Abstract

Missing data imputation and automatic fault detection of wastewater treatment plant (WWTP) sensors are crucial for energy conservation and environmental protection. Given the dynamic and non-linear characteristics of WWTP measurements, the conventional diagnosis models are inefficient and ignore potential valuable features in the offline modeling phase, leading to false alarms and inaccurate imputations. In this study, an inclusive framework for missing data imputation and sensor self-validation based on integrating variational autoencoders (VAE) with a deep residual network structure (ResNet-VAE) is proposed.
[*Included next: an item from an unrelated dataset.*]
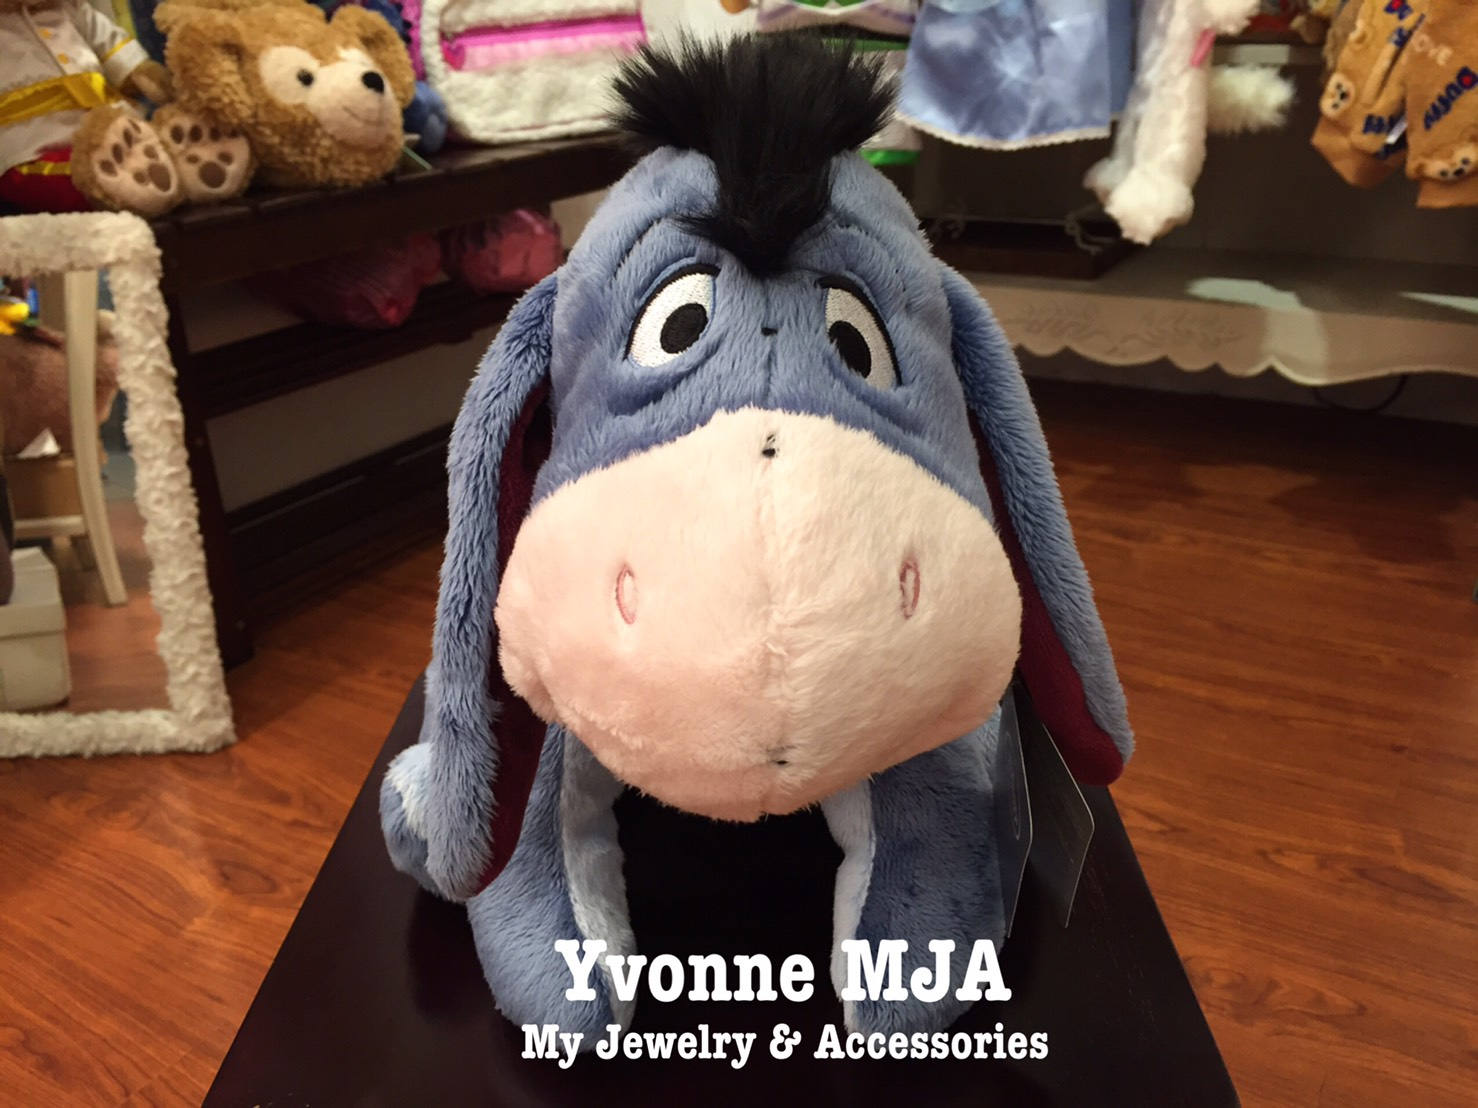 *Yvonne MJA英國代購*英國迪士尼Disney 商店限定正品 Eeyore驢子娃娃

This network structure can automatically extract complex features from WWTP data without the risk of vanishing gradients by learning the potential probability distribution of the input data. The proposed framework is intended to increase the reliability of faulty sensors by imputing missing data, detecting anomalies, identifying failure sources, and reconstructing faulty data to normal conditions. Several metrics were utilized to assess the performance of the suggested approach in comparison with other different methods. The VAE-ResNet approach showed superiority to detect (DRSPE = 100%), reconstruct faulty WWTP sensors (MAPE = 15.41%–5.68%) and impute the missing values (MAPE = 10.44%–3.98%). Lastly, the consequences of faulty data, missing data, reconstructed and imputed data were evaluated considering electricity consumption and resilience to demonstrate the ResNet-VAE model's superior performance for WWTP sustainability.